Two failure modes kept showing up in earlier work. First, models lose coherence on lengthy tasks as context windows fill. Claude Sonnet 4.5 exhibited "context anxiety" — it would start wrapping up work prematurely as it approached what it believed was its context limit. Context resets (clearing the window entirely and handing off state via structured artifacts) solved this, but added orchestration complexity and latency.

Second, self-evaluation is broken. Ask an agent to grade its own work and it confidently praises mediocre outputs. This is especially bad for subjective tasks like design, where there's no binary pass/fail check. But even on verifiable tasks, agents show poor judgment that tanks their performance.

Separating the agent doing the work from the agent judging it turns out to be a strong lever. The evaluator is still an LLM inclined to be generous, but tuning a standalone evaluator to be skeptical is far more tractable than making a generator critical of its own work.

The Frontend Design Experiment

Rajasekaran started with frontend design, where the self-evaluation problem was most visible. Claude normally gravitates toward safe, predictable layouts — technically functional but visually unremarkable.

He wrote four grading criteria that both generator and evaluator received in their prompts:

  • Design quality: Does this feel like a coherent whole or a collection of parts? Colors, typography, layout, and imagery should combine to create a distinct mood.
  • Originality: Are there custom decisions, or is this template layouts and library defaults? Purple gradients over white cards fail here.
  • Craft: Typography hierarchy, spacing consistency, color harmony, contrast ratios. A competence check.
  • Functionality: Can users understand the interface and complete tasks without guessing?

Design quality and originality were weighted heavily. Claude already scored well on craft and functionality by default — the required technical competence came naturally. But on design and originality, outputs were bland at best.

The loop ran on the Claude Agent SDK. A generator agent created an HTML/CSS/JS frontend. The evaluator used the Playwright MCP to interact with the live page directly — navigating, screenshotting, studying the implementation — before scoring each criterion and writing a detailed critique. That feedback flowed back to the generator for the next iteration.

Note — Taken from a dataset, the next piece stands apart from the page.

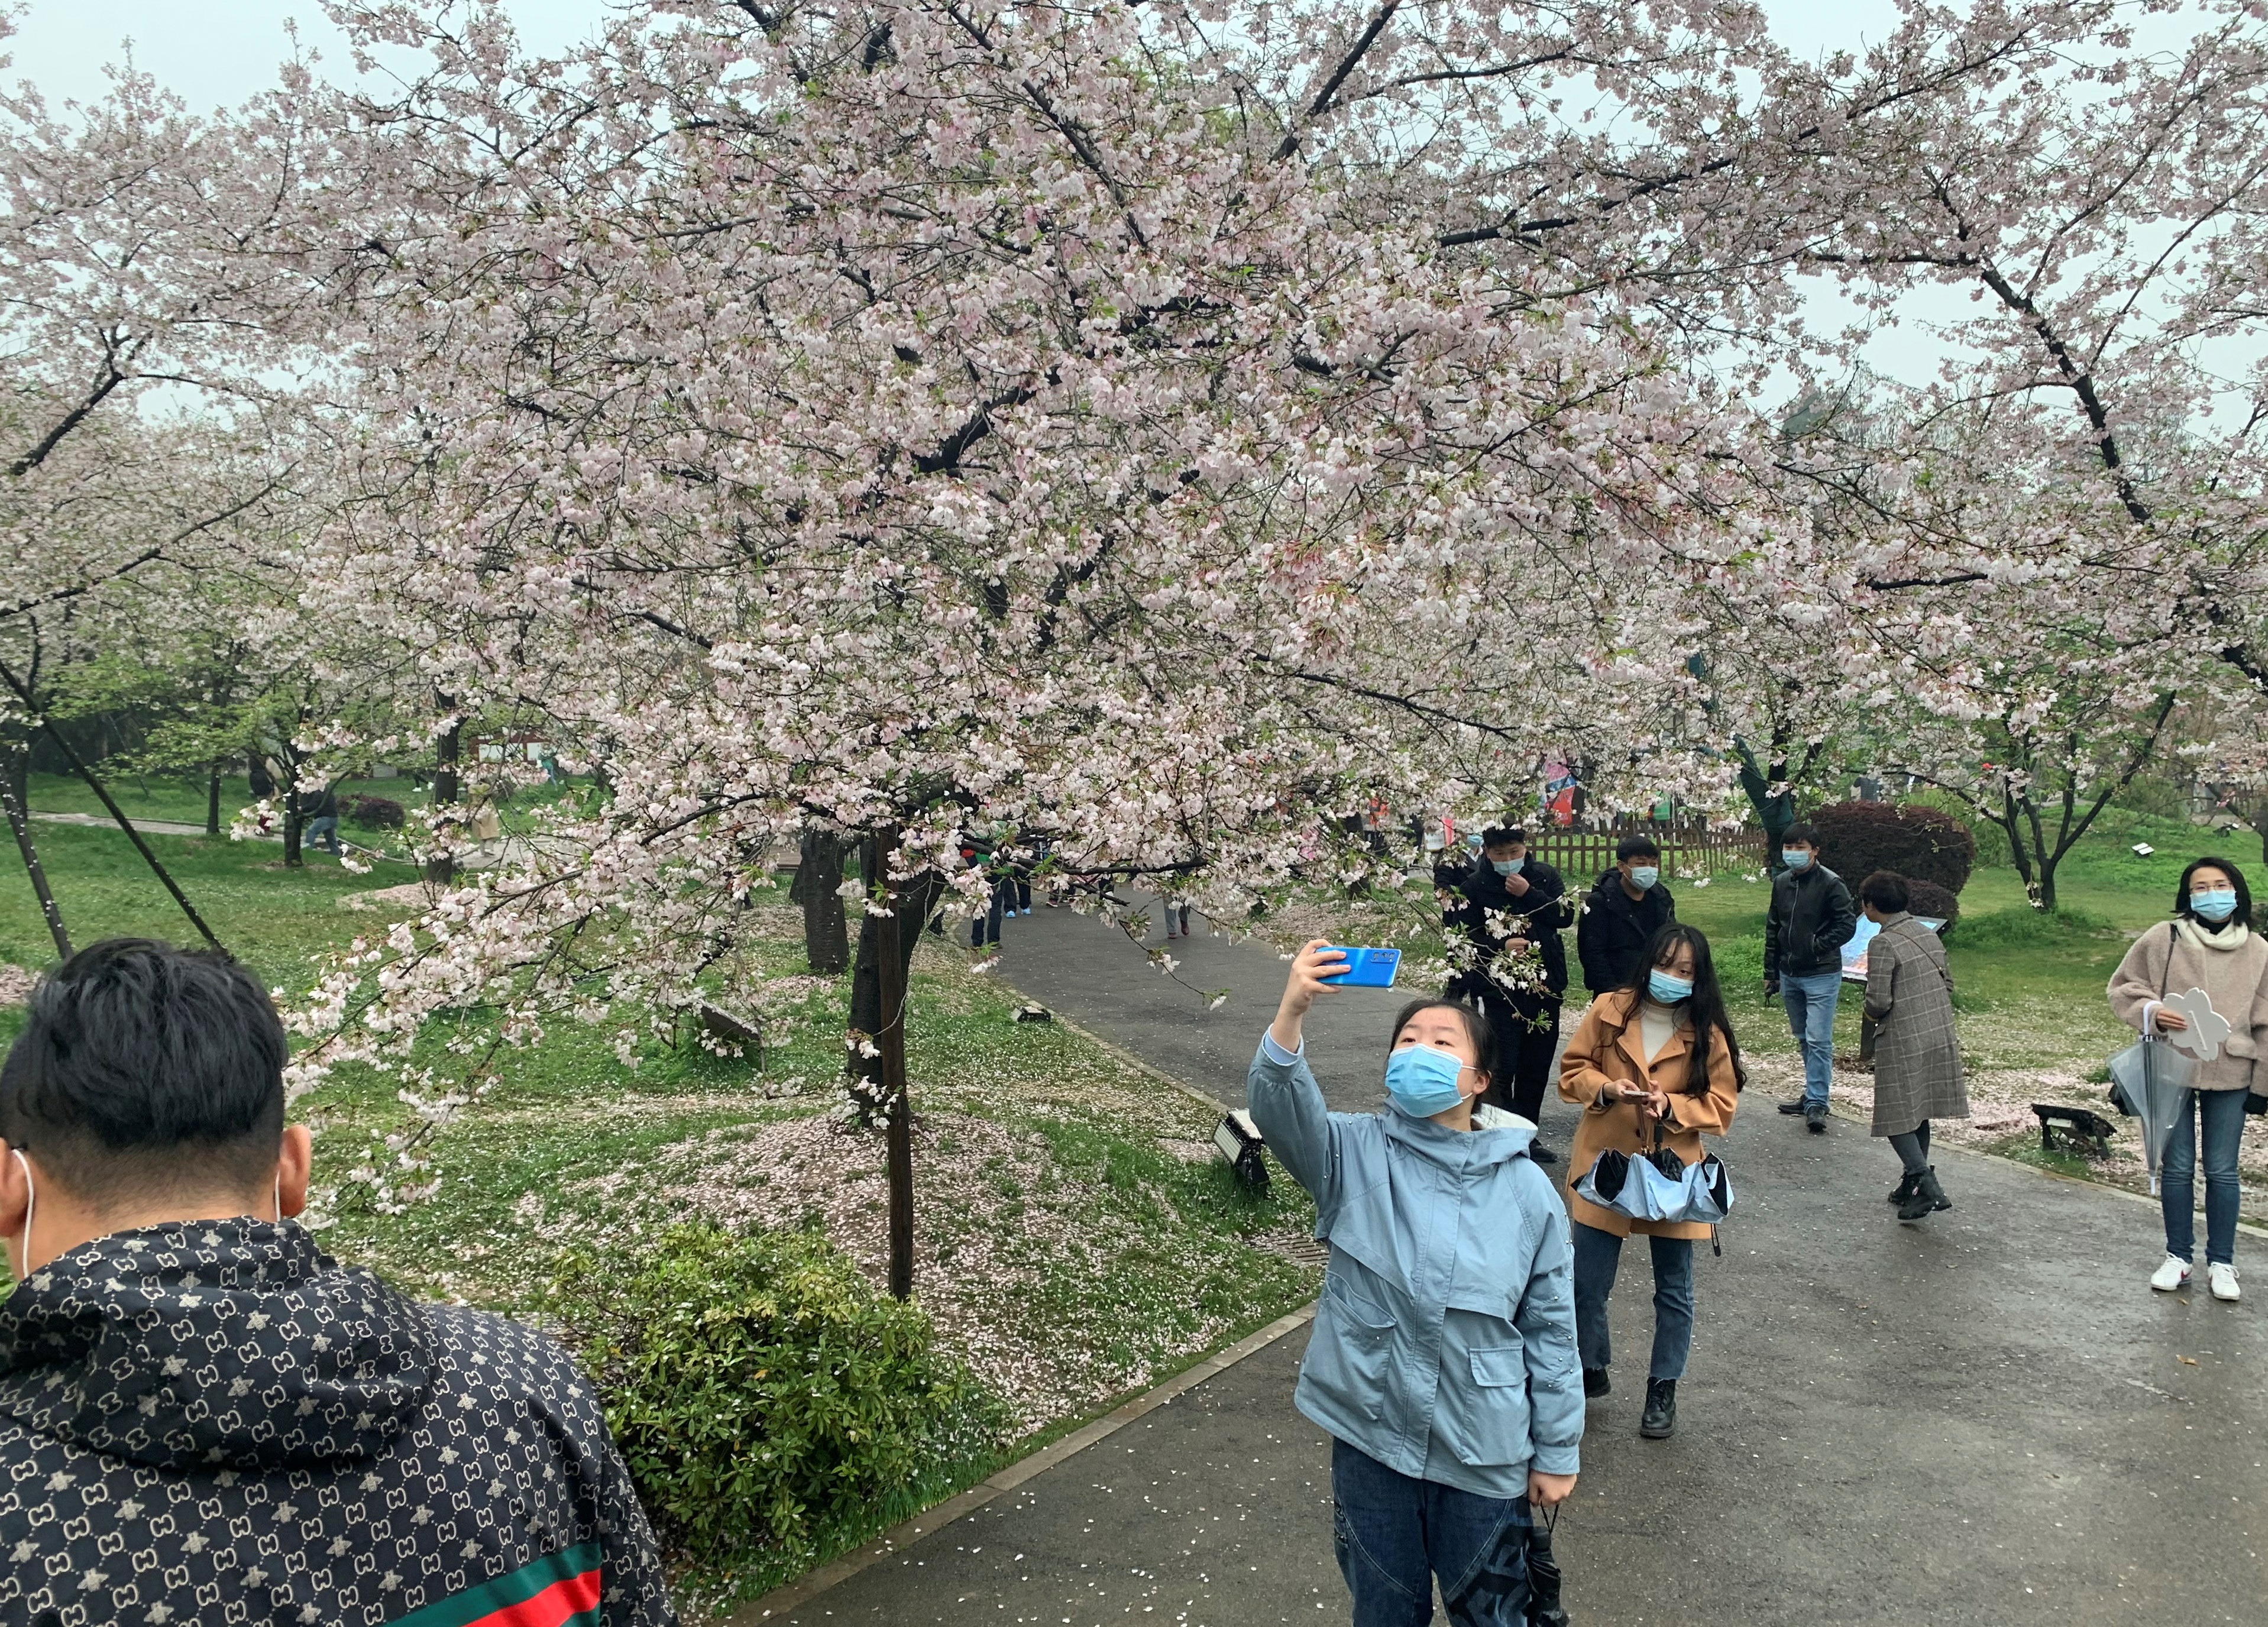 Un año después, Wuhan recupera su festival de los cerezos en flor

Runs stretched up to four hours, with 5-15 iterations per generation. The generator made a strategic decision after each evaluation: refine the current direction if scores were trending well, or pivot to an entirely different aesthetic if the approach wasn't working.

In one example, the prompt was to create a website for a Dutch art museum. By iteration nine, it had produced a clean, dark-themed landing page. Then on iteration ten, it scrapped everything and reimagined the site as a 3D room with a checkered floor rendered in CSS perspective, artwork hung on walls in free-form positions, and doorway-based navigation between gallery rooms. The kind of creative leap that doesn't happen in single-pass generation.

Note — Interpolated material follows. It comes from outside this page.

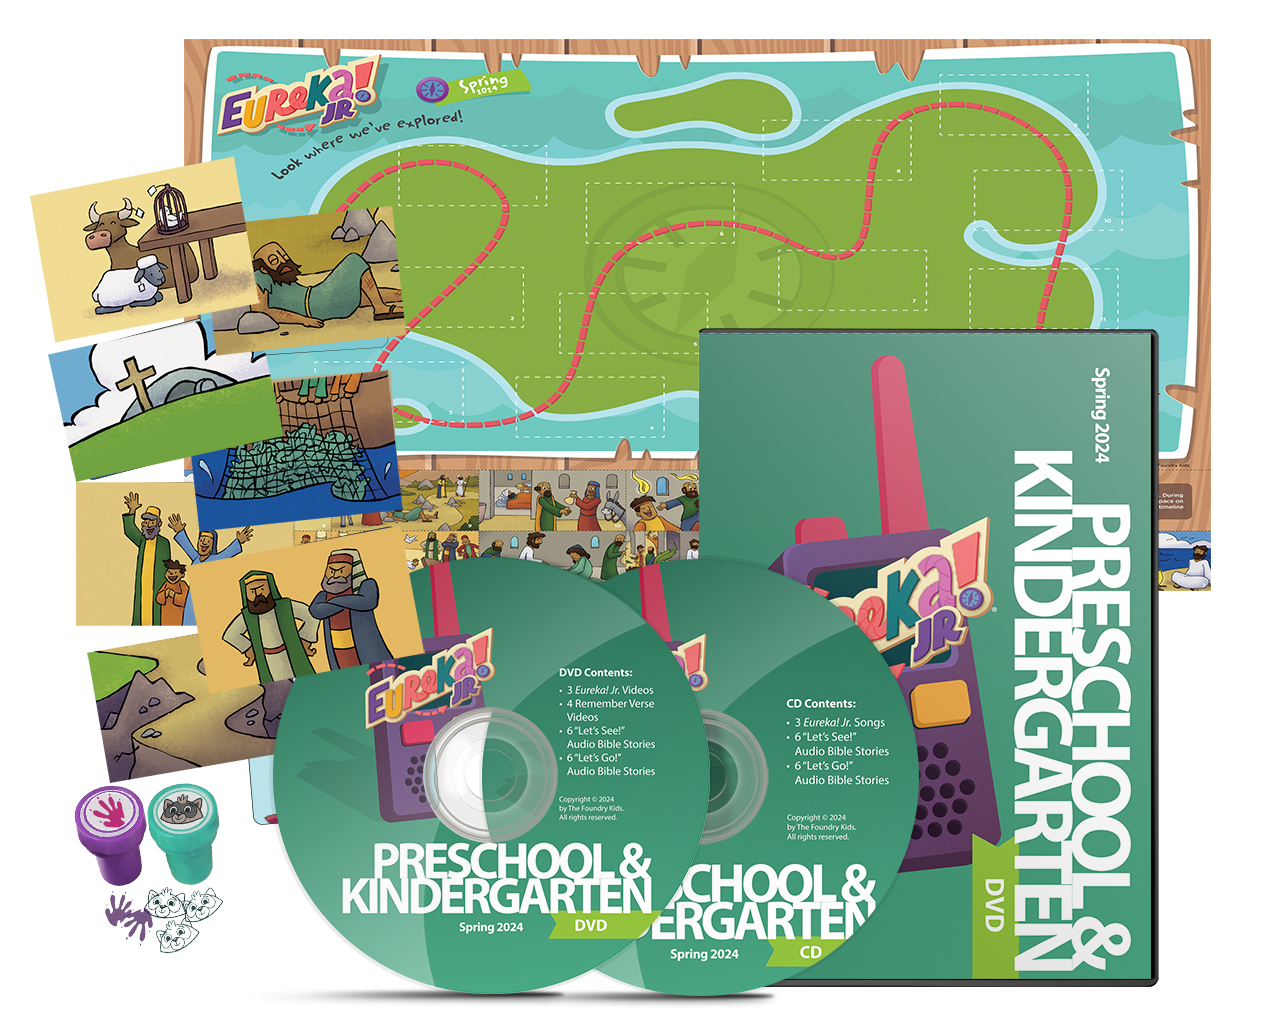 Preschool & Kindergarten Expedition Resources

Scaling to Full-Stack Coding

The generator-evaluator pattern maps naturally onto software development, where code review and QA serve the same structural role. Rajasekaran built a three-agent system:

Planner: Takes a 1-4 sentence prompt and expands it into a full product spec. Prompted to be ambitious about scope and focus on product context rather than granular technical details. Also finds opportunities to weave AI features into the spec.

Generator: Works in sprints (initially — more on this later), picking up one feature at a time from the spec. Implements with a React, Vite, FastAPI, and SQLite stack. Self-evaluates at the end of each sprint before handing off to QA.

Evaluator: Uses Playwright MCP to click through the running application like a user would, testing UI features, API endpoints, and database states. Grades each sprint against bugs found and criteria covering product depth, functionality, visual design, and code quality. Each criterion has a hard threshold — if any one falls below it, the sprint fails and the generator gets detailed feedback.

Before each sprint, the generator and evaluator negotiate a sprint contract: agreeing on what "done" looks like before any code is written. This bridges the gap between high-level user stories and testable implementation. The generator proposes what it will build and how success will be verified. The evaluator reviews the proposal to make sure the generator is building the right thing. They iterate until they agree.

Communication happens via files. One agent writes a file, another reads it and responds either within that file or with a new file the previous agent reads in turn.

What This Changes For Developers

Rajasekaran tested the harness with a prompt to generate a retro video game maker: "Create a 2D retro game maker with features including a level editor, sprite editor, entity behaviors, and a playable test mode."

He ran it against both the full harness (Opus 4.5) and a single-agent system for comparison. The solo run took 20 minutes and cost $9. The harness run took 6 hours and cost $200.

The solo output looked promising at first. But as he clicked through, issues emerged. The layout wasted space. The workflow was rigid — nothing guided you to create sprites and entities before populating a level. Most importantly, the game was broken. Entities appeared on screen but nothing responded to input. The wiring between entity definitions and the game runtime was broken.

The harness run started from the same one-sentence prompt, but the planner expanded it into a 16-feature spec spread across ten sprints. It went well beyond what the solo run attempted: sprite animation system, behavior templates, sound effects and music, AI-assisted sprite generator and level designer, and game export with shareable links.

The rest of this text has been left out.